TRANSPORTATION

Transportation in any state is a complicated issue – populations in urban areas are increasing, more people are commuting 30 miles or more to work, many of the goods we eat and buy are shipped via truck or rail from other parts of the world, and many communities are driving on roads designed for far fewer people. Add in the need to negotiate around mountains, rivers, and the Puget Sound, and you have an idea of the complex nature of transportation planning in Washington.

Without an efficient transportation system, a port is unable to grow: goods must be able to reach their destination quickly and efficiently. Most retailers now utilize a “just in time” inventory system – rather than keeping a large backlog of items, they schedule them to arrive exactly when needed. And if those goods are stuck in traffic – or stuck on a rail line somewhere – the retailer can’t sell them. Imagine businesses all across the state unable to get the goods they need, and you begin to see that the transportation network is the skeleton of a state’s economy.
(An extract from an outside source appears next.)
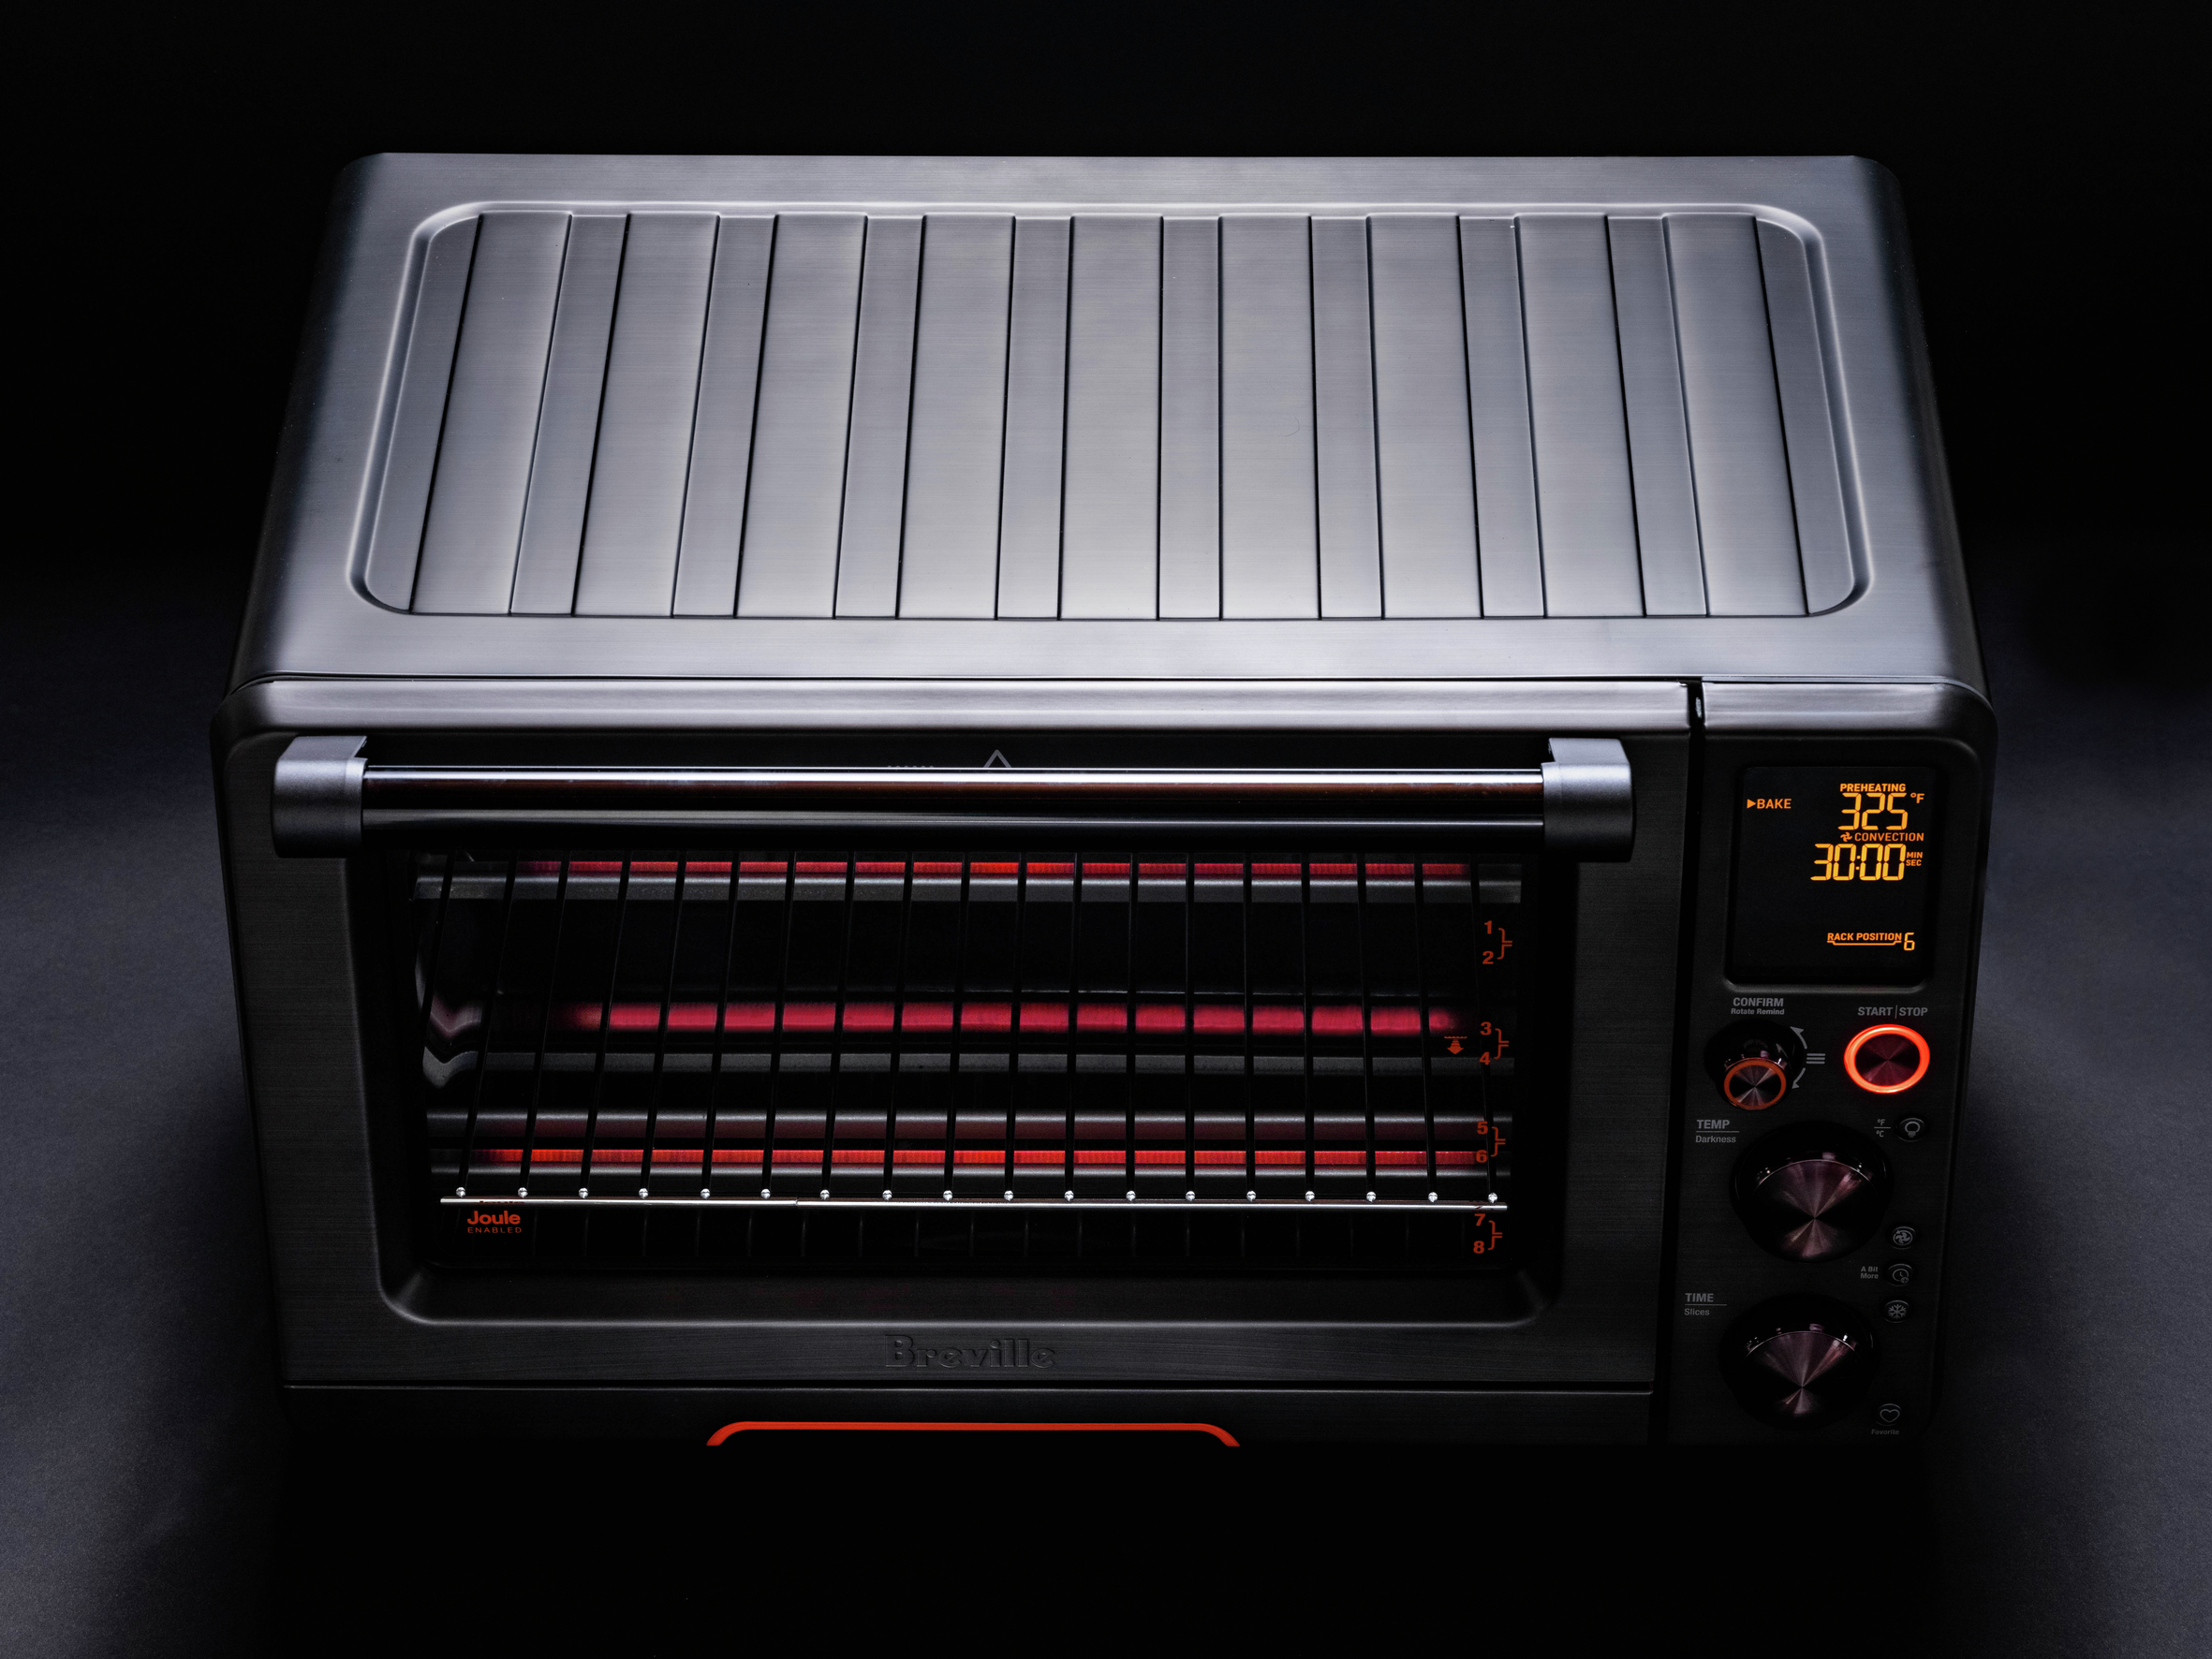 Breville Smart Oven Pro on sale for $64 off on
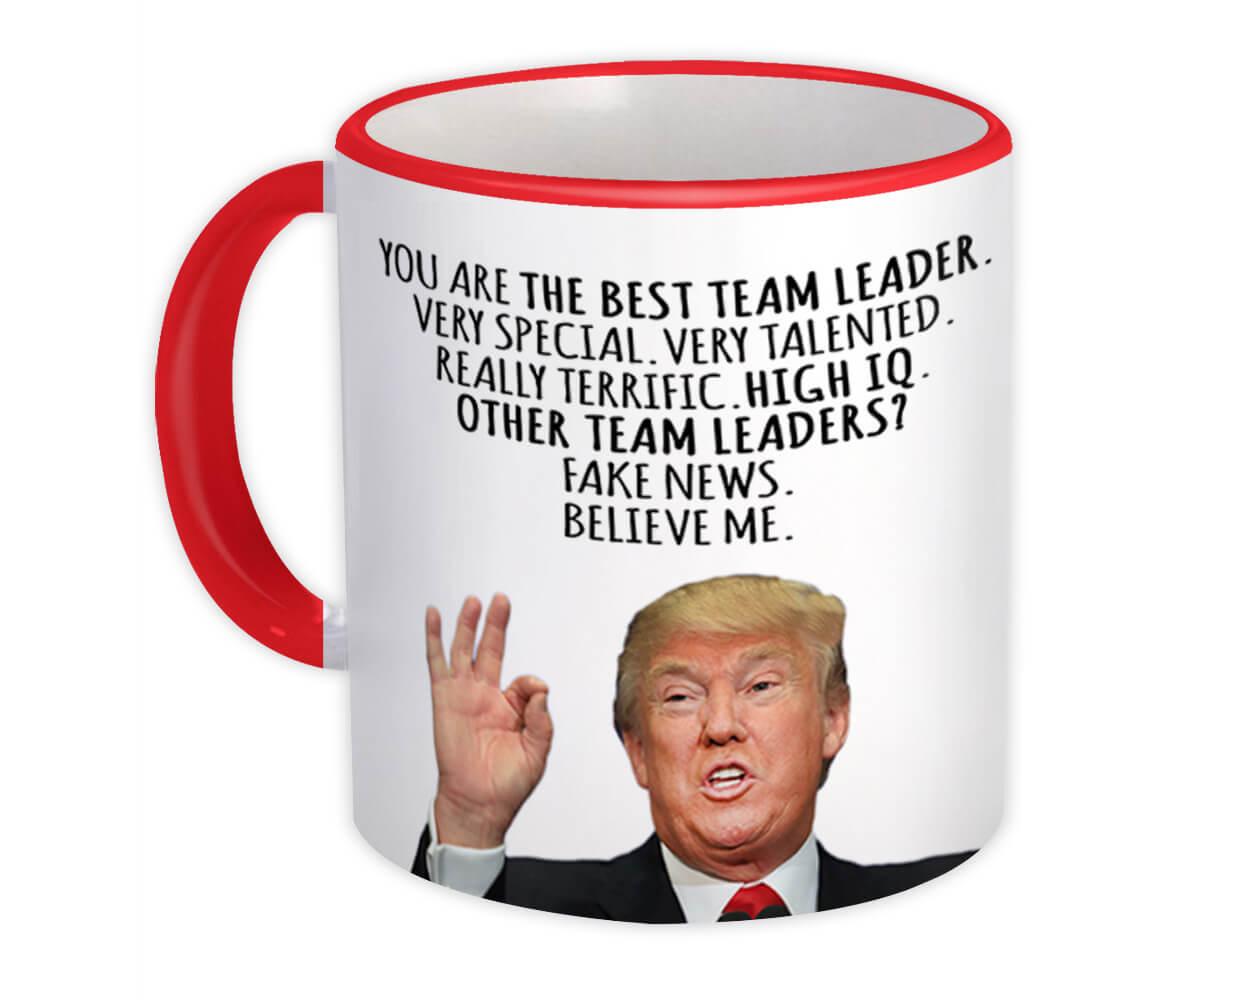 Trump's team says they raised over $11.5 million since his mug

The Washington State Department of Transportation (WSDOT) is the primary agency for coordinating transportation improvements in the state. Because of recent legislation providing more funding for transportation improvements, WSDOT is busy with road improvements all across the state. They’re currently studying the state’s airports, determining where and when more capacity will be needed. And they’re also studying our rail stock – determining where the chief bottlenecks are in the state’s system.